Ежели я расточу купцов ‑ у кого я буду есть пироги? Остается, стало быть, только одно, четвертое сословие, которое могло бы быть предметом внутренней политики, ‑ это сословие нигилистов.
‑ Enfin, nous у voila! <Ну, началось!> ‑ Я знаю, что это самое чувствительное место современной администрации и что, собственно говоря, все доказательства необходимости внутренней политики зиждутся на нигилистах. Но будем же рассуждать, душа моя. Что такое нигилист? ‑ спрашиваю я. Нигилист ‑ это, во‑первых, человек, который почему‑либо считает себя неудовлетворенным, во‑вторых, это человек, который любит отечество по‑своему и которого исправник хочет заставить любить это отечество по‑своему. И вот этого‑то человека избирают предметом внутренней политики. Какое странное заблуждение!
‑ Однако ж, мой друг!
‑ Заблуждение ‑ и более ничего! Я по крайней мере отношусь к этому делу совершенно иначе. Поверишь ли, когда я вижу человека неудовлетворенного, то мне никакой другой мысли в голову не приходит, кроме одной: этот человек неудовлетворен ‑ следовательно, надобно его удовлетворить!
‑ Но ведь они сто тысяч голов требуют... ah! c'est tres grave ca! <Ах, это так ужасно!> ‑ Сплетни, мой друг. У меня один нигилист поташным заводом заведовал (mais un nigiliste pur sang, mon cher!) <нигилист чистых кровей, мой дорогой!>, так я с ним откровенно об этом говорил: "Правда ли, спрашиваю, господин Благосклонов, что вы сто тысяч голов требуете?" ‑ "Никогда, говорит, ваше сиятельство, этого не бывало!.." И я верю ему, потому что этот человек, зная мой образ мыслей, конечно, не скрыл бы от меня, если б было что‑нибудь похожее. Но есть люди, для которых нигилисты, конечно, чистый клад: это соборные протоиереи и исправники. У нас в городе соборный протоиерей и до сих пор каждое воскресенье в проповеди полемизирует с нигилизмом. Или вот на днях исправник у нас весь уезд обшарил, все нигилистов отыскивал...

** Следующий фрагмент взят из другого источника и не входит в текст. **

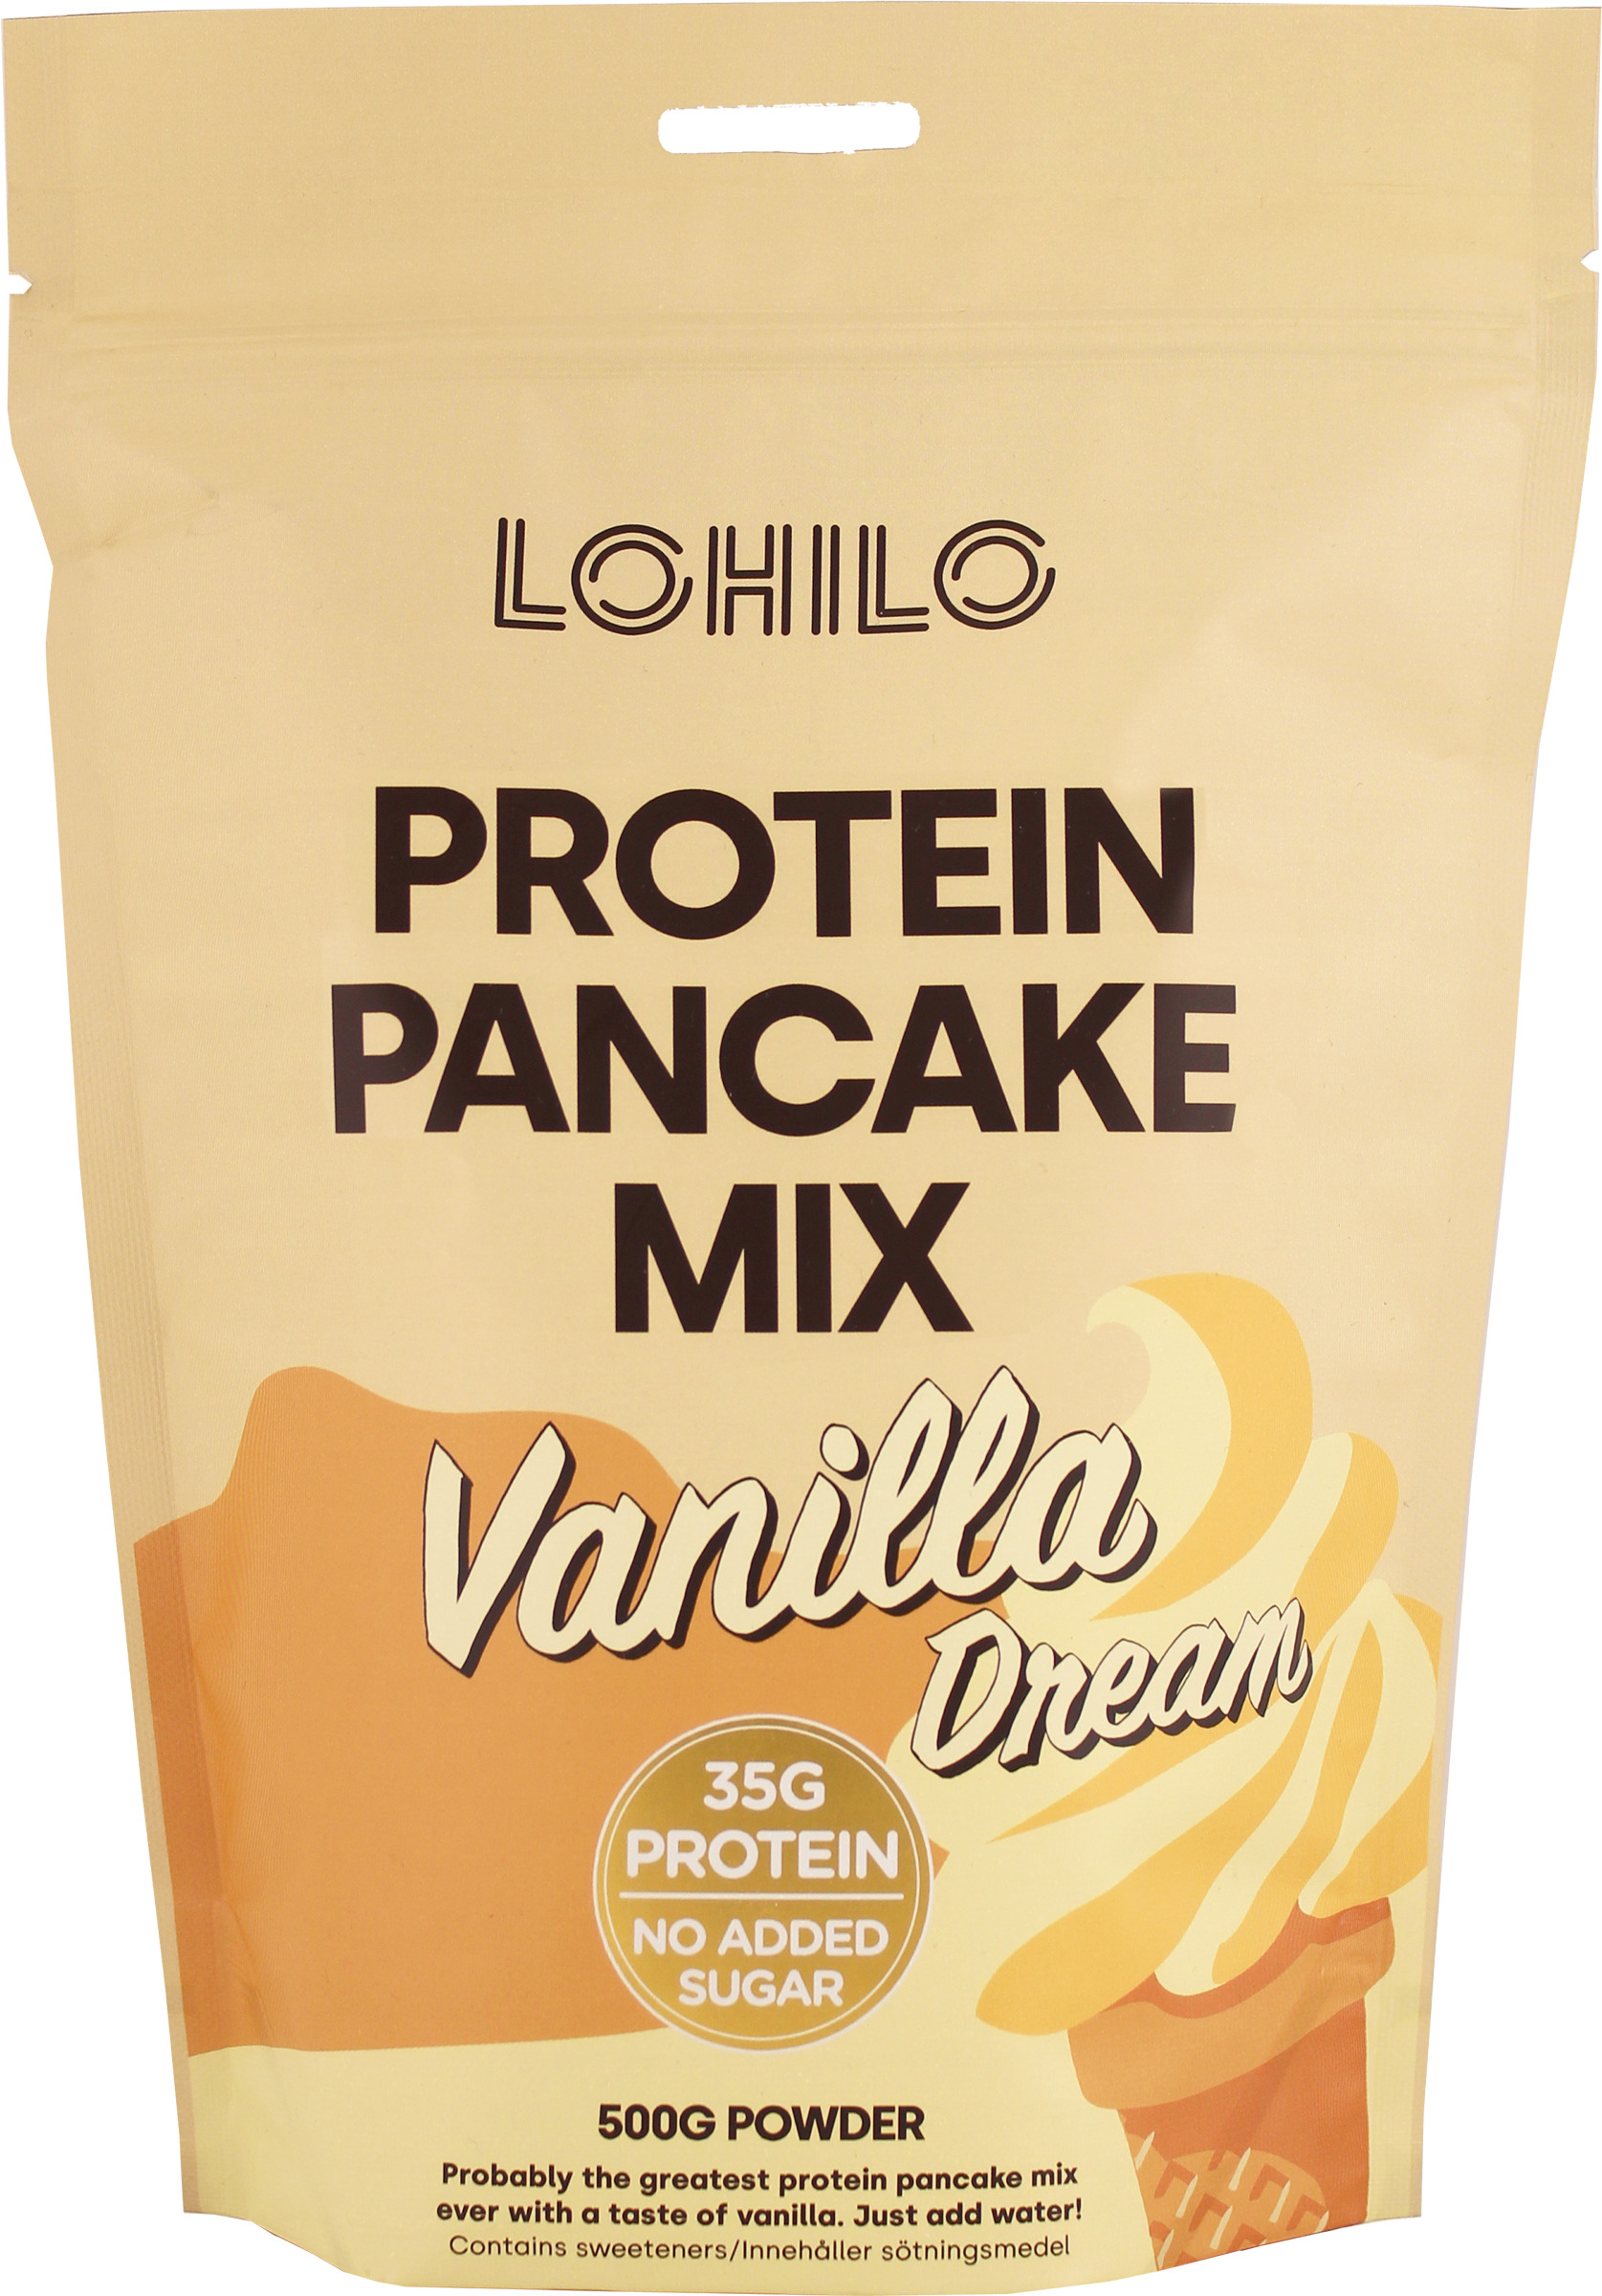 Lohilo Protein Pancake Mix Vanilla Dream 500 g

‑ Итак, ты совершенно отвергаешь внутреннюю политику?
‑ Да, совершенно. Это исходный пункт моей программы. Иссушать и уничтожать только болота, а прочее все оплодотворять. Это, коли хочешь, тоже своего рода внутренняя политика, но политика созидающая, а не расточающая. Затем я приступаю ко второй половине моей программы и начинаю с того, что приготовляю почву, необходимую для будущего сеяния, то есть устраняю вредные элементы, которые могут представлять неожиданные препятствия для моего дела. Таких элементов я главнейшим образом усматриваю три: пьянство, крестьянские семейные разделы и общинное владение землей. Вот три гидры, которые мне предстоит победить. Прежде всего, разумеется, ‑ пьянство, как противник, пользующийся особенной популярностью. Но ты позволишь мне, вместо дальнейших объяснений, прочитать уже заготовленный мною по этому предмету циркуляр.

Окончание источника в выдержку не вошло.